The researchers have already created a map of Edmonton as a pilot project.
“Folks, we find, that are living in the western and the southern parts of the city get a lot more exposure to smog and air pollution and that direct heat, whereas folks living closer to the river, in downtown, are actually experiencing sometimes considerably less levels of exposure,” Lowe said.
“The impacts of climate, air pollution, temperature, are not static across the city,” Lowe added. “Based on that, how can we kind of tailor approaches to help mitigate the health impacts that are maybe going to be more relevant for Westmount, or Ellerslie or north Edmonton or downtown?”
This new project will expand on that — looking province-wide.
“In the rural areas, we think (of) great sweeping swaths of nature and a lot of green space, so they must be doing well, but when we think about their access to health services and different mitigation abilities, that is typically a lot less prevalent in these rural areas,” Lowe explained.
“We just really want to highlight to people, but also to stakeholders, governments, health-care providers, that when we’re thinking about the health of our populations, we can’t separate that from climate.

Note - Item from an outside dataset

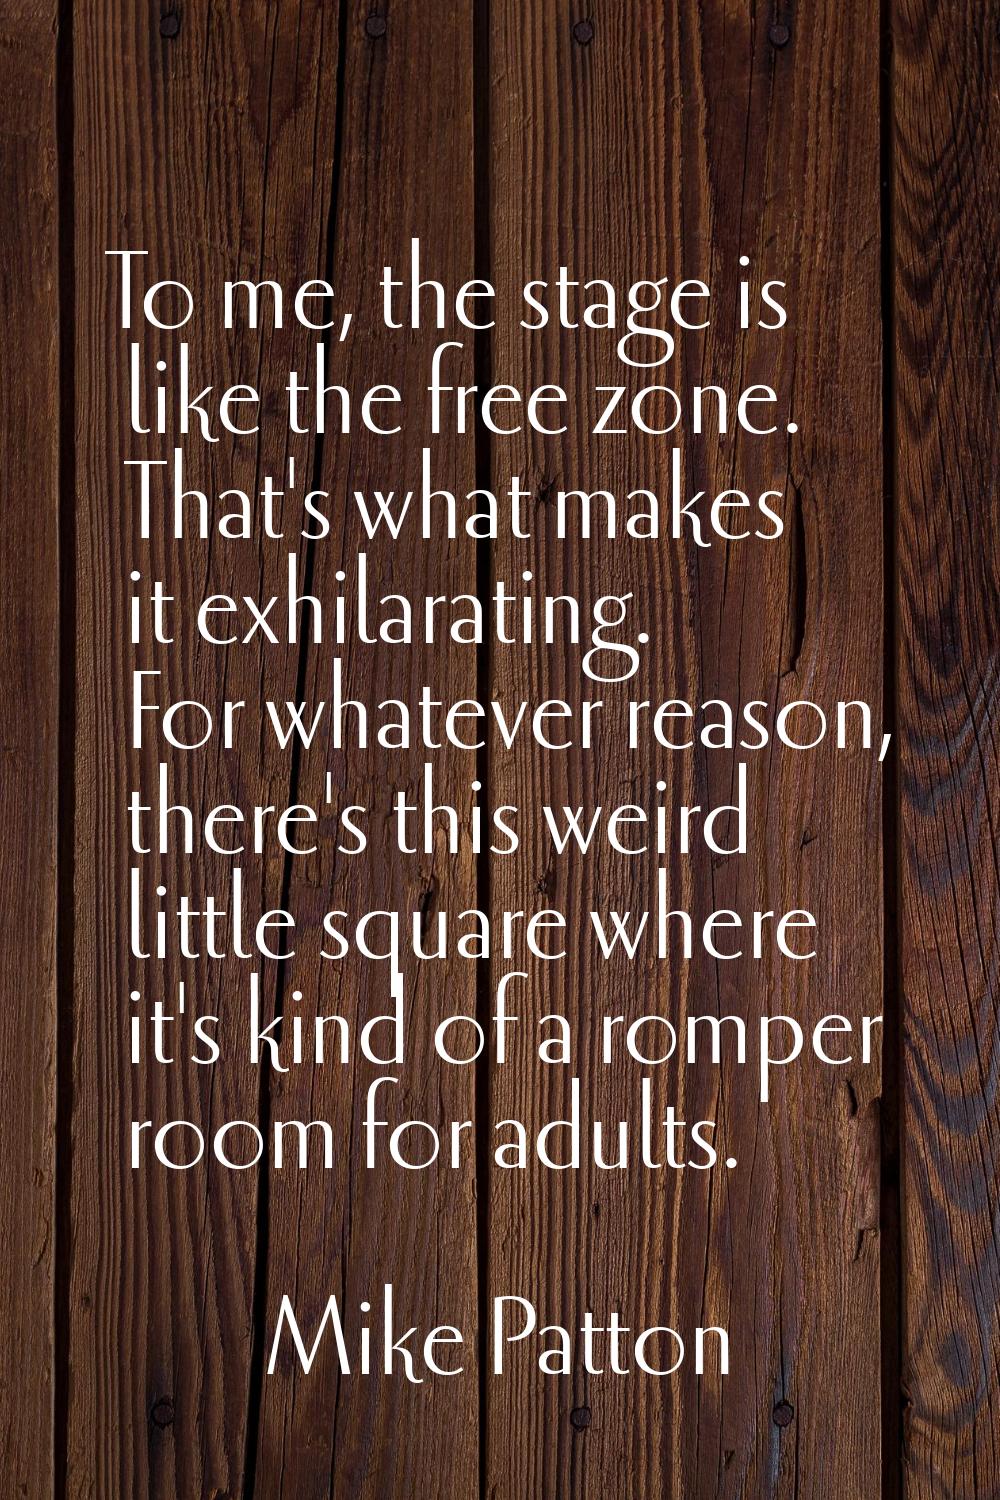 To me, the stage is like the free zone. That's what makes it exhilarating. For whatever reason, the

This is something that’s really relevant now and conversely, on the positive side, it’s actionable now.
“Say you have this tree-planting initiative. These specific areas seem to be where that’s going to make the most impact whereas this other area, they actually have a lot of green space, but we need to work more on the accessibility of transit to different health centres, for example.”
All the data that goes into creating the index is publicly available. Lowe says it comes from provincial and national environmental labs, meteorological data and the Canadian census.
The team hopes the information displayed in the maps will help as governments create policy, and to guide and inspire decisions by industry, community groups and individuals.
“I know sometimes the picture that’s painted can be a bit grim, but there are these really important, grassroots, community-level actions that we can take today, and that we are taking a lot of today, that, when scaled up to the population level, can have really positive impacts for our health,” Lowe said.